The author has done quite a thorough job of research and presents us with fun anecdotes about our ancestors and the evolution of cooking vessels, implements, and eating habits. It's full of interesting, little known, and fascinating tidbits. I mean really! I never knew that those gigantic medieval roasts on the spits were often turned by a dog running on a treadmill. I wonder if the poor doggies at least got to gnaw on one of the bones from those juicy roasts? And I wonder if my dentist knows that up until the mid 1800's almost none of us had teeth aligned in the classic "overbite" formation?
As I read this, I realized what a mix of time frames we enjoy in our "modern" kitchens. It was such a fun read that really got me to thinking about how I approach food prep and eating. I love eating with chopsticks but I also own several sets of more traditional Western cutlery and tableware from sterling silver to stainless steel.
I still rely almost exclusively on my good steel knives for cutting and chopping (although I wield a wicked mezzaluna). My mandolin sits unused in its box. I gave away my Cuisinart - it took up way too much room on my kitchen counter. My little stick blender does a perfect job for my blending needs almost every day. I measure liquids in a pyrex measuring cup, and solids in stainless steel. I eyeball at least 50% of the dashes, pinches, tidbits and "to taste" ingredients I use and never realized until I read this that there are exact measurements certified for each of these, but who pays attention to mg or ml? Except for cake baking, I'm not a scientific "by the book" cook.
I don't own a rice cooker or a pressure cooker, I gave away my breadmaker, but I use an electric coffee bean grinder, an electric ice- cream maker and a big Kitchen Aid mixer to knead dough. My 45 year old electric Farberware rotisserie does just fine on days when I can't grill outside.
I own 5 different coffeemakers from the ubiquitous Mr. Coffee, to an elegant espresso machine. When the power goes, I still can boil water on the gas or wood burning stoves, so we can use our French press (but I'd better remember to grind an store some beans before the power goes!) I still squeeze lemons and oranges on a glass squeezie thingie by hand. I press my garlic with the side of a knife; grate my cheese, zest my lemons, and grind my nutmeg on a series of microplanes; and prep my apples for pies on a 1854 Green Mountain cast iron apple peeler-corer-slicer. My Revere copper bottomed pans are all 45 years old. I let my refrigerator make the ice cubes, and my slo-cooker do the boeuf bourginon, pulled pork, and Irish oatmeal.

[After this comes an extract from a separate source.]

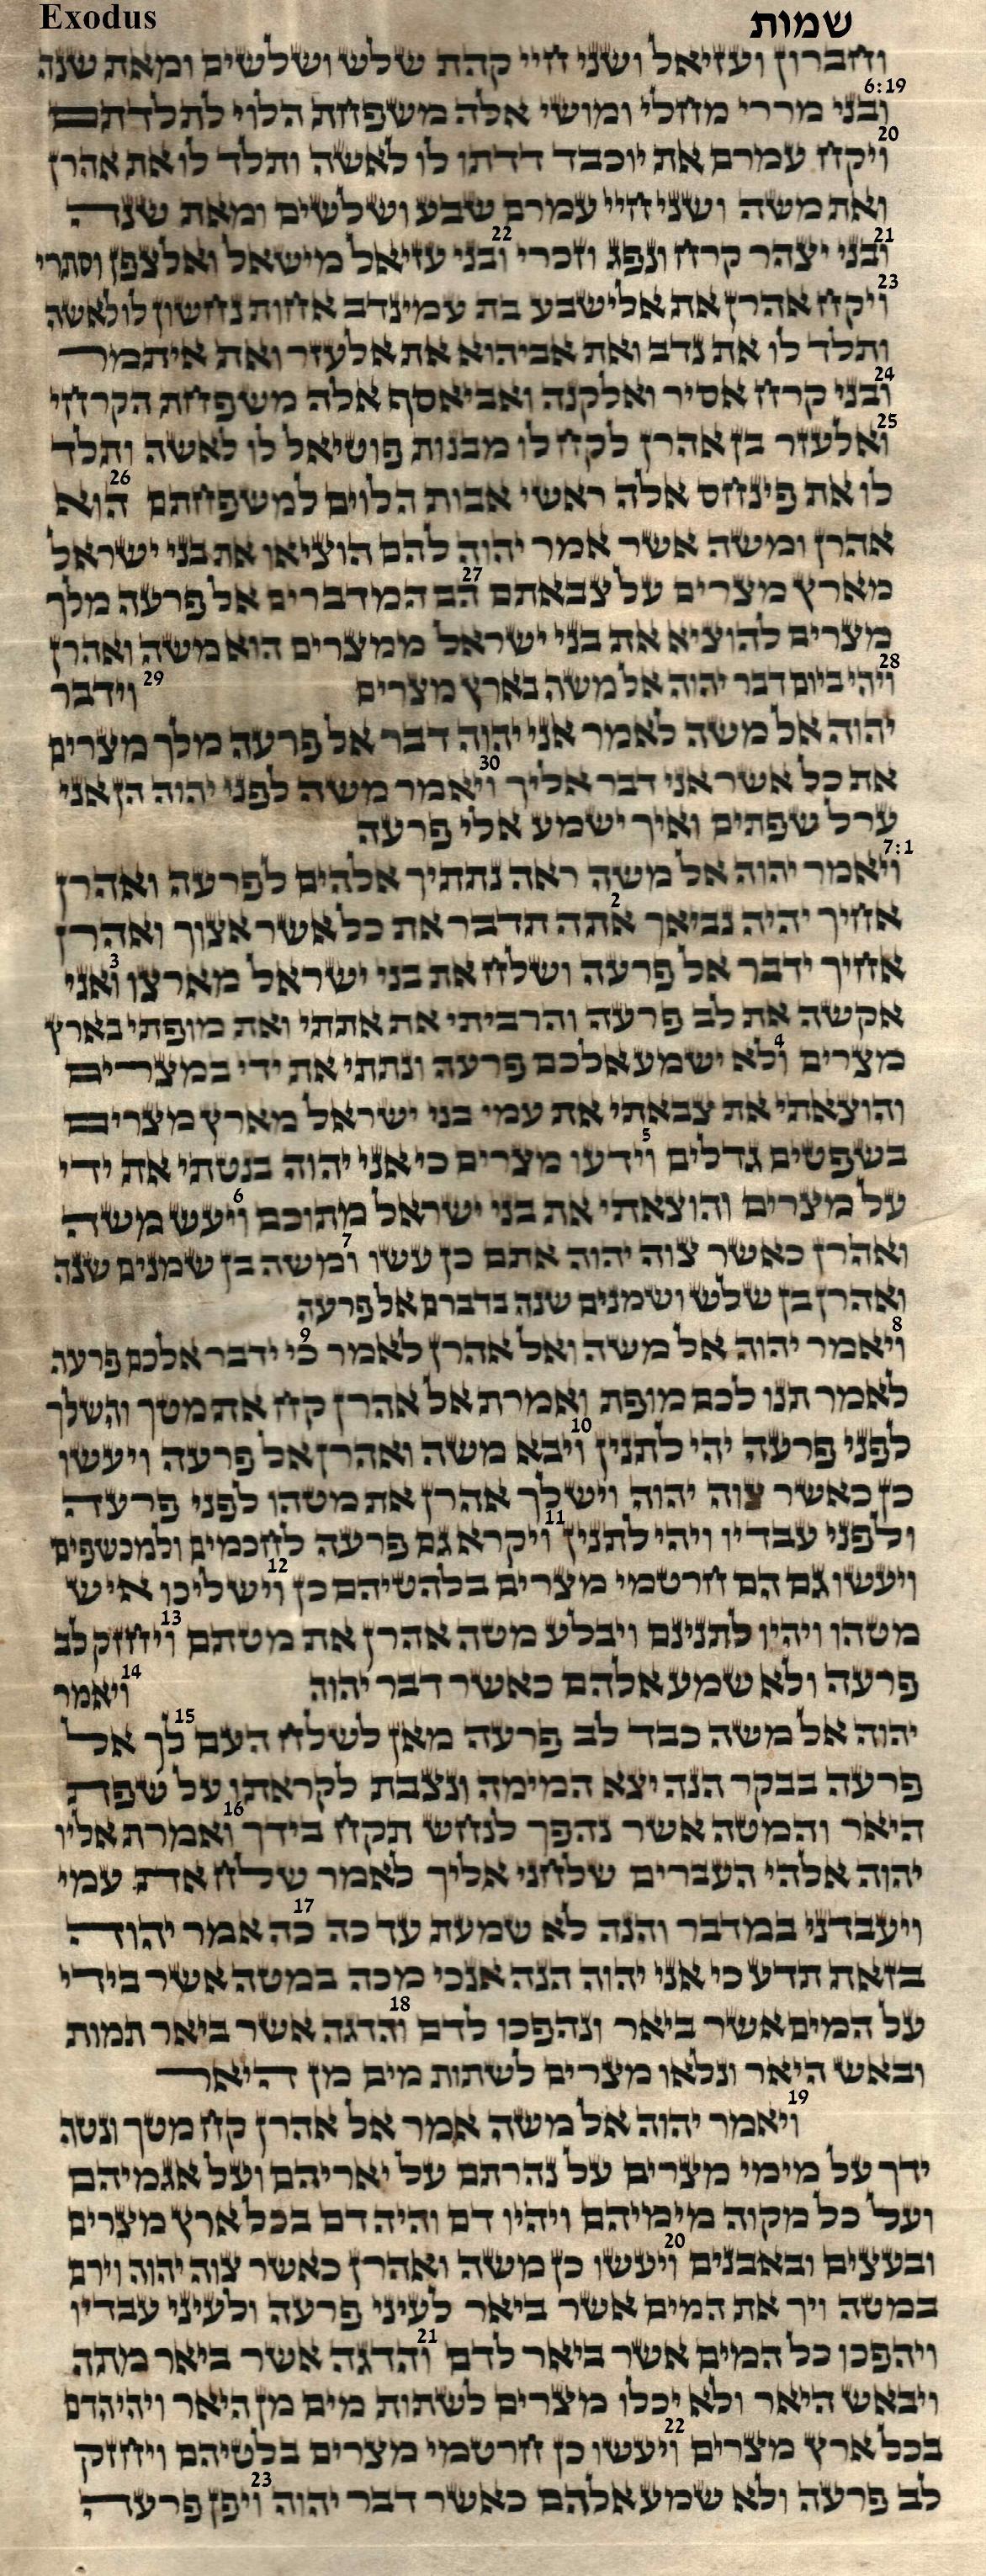 Exodus 6.19 - 7.23
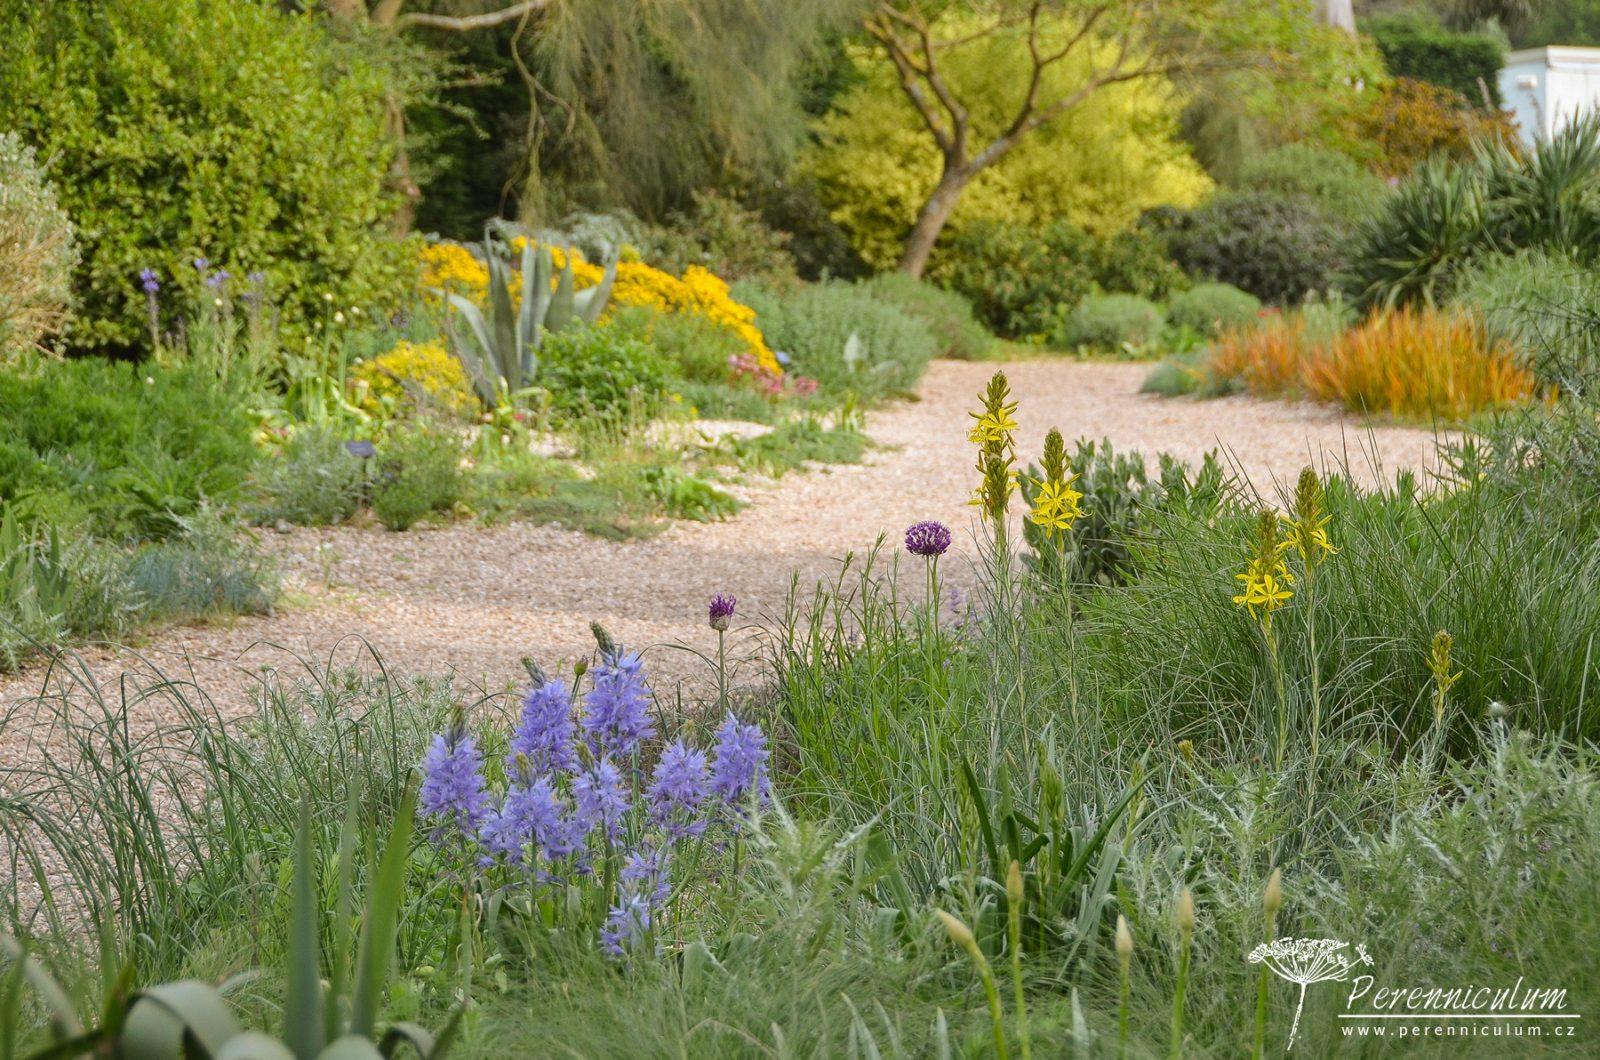 V květnu se Štěrková zahrada teprve probouzela kvetla asfodelka žlutá (<em>Asphodeline lutea</em>), okrasné česneky (<em>Allium</em>) a nebo modré <em>Camassia</em>.

When we lived in Japan, I was too pregnant to lean over the short little gas stove in our little house, so I bought my first microwave and for 9 months, until we moved onbase and got an American stove again, I cooked EVERYTHING in the microwave. My daughter and I even baked christmas cookies in "the wave." We did a Thanksgiving turkey, cupcakes, coffee, baby bottles, popcorn, hot chocolate, meatloaf, noodles, mac and cheese, oatmeal, veggies, and applesauce. To this day, I still soften butter and icecream in it, with hardly an "oopsie." I did use an electric wok for stir frying and tempura. Now I cook with gas, my electric toaster oven, the slo-cooker, the waffle iron, the Farberware, and my trusty microwave (we're on the third one in 32 years). When the weather's good, we cook on a gas grill outside, but it took us thirty years to make the switch from charcoal to bottled gas on that one. Considering some of the evolutionary events described in this book that took centuries to complete, I guess I'm pretty modern.
Here are some more interesting tid-bits from the publishers press release:
THE TURNSPIT DOG: In Renaissance Britain there was a special breed of dog, the ‘turnspit’, whose job was to turn meat as it roasted. Bred to have short legs and long bodies, they were well suited to trundling round and round in a wheel attached to the spit. But there were signs that dogs were too intelligent for the job. One eyewitness recalled that the dogs used to run away or hide when they observed the cooks getting ready to make a roast for dinner. Many households switched to using geese instead, who could be forced to trundle the wheel for up to twelve hours at a time without rebelling.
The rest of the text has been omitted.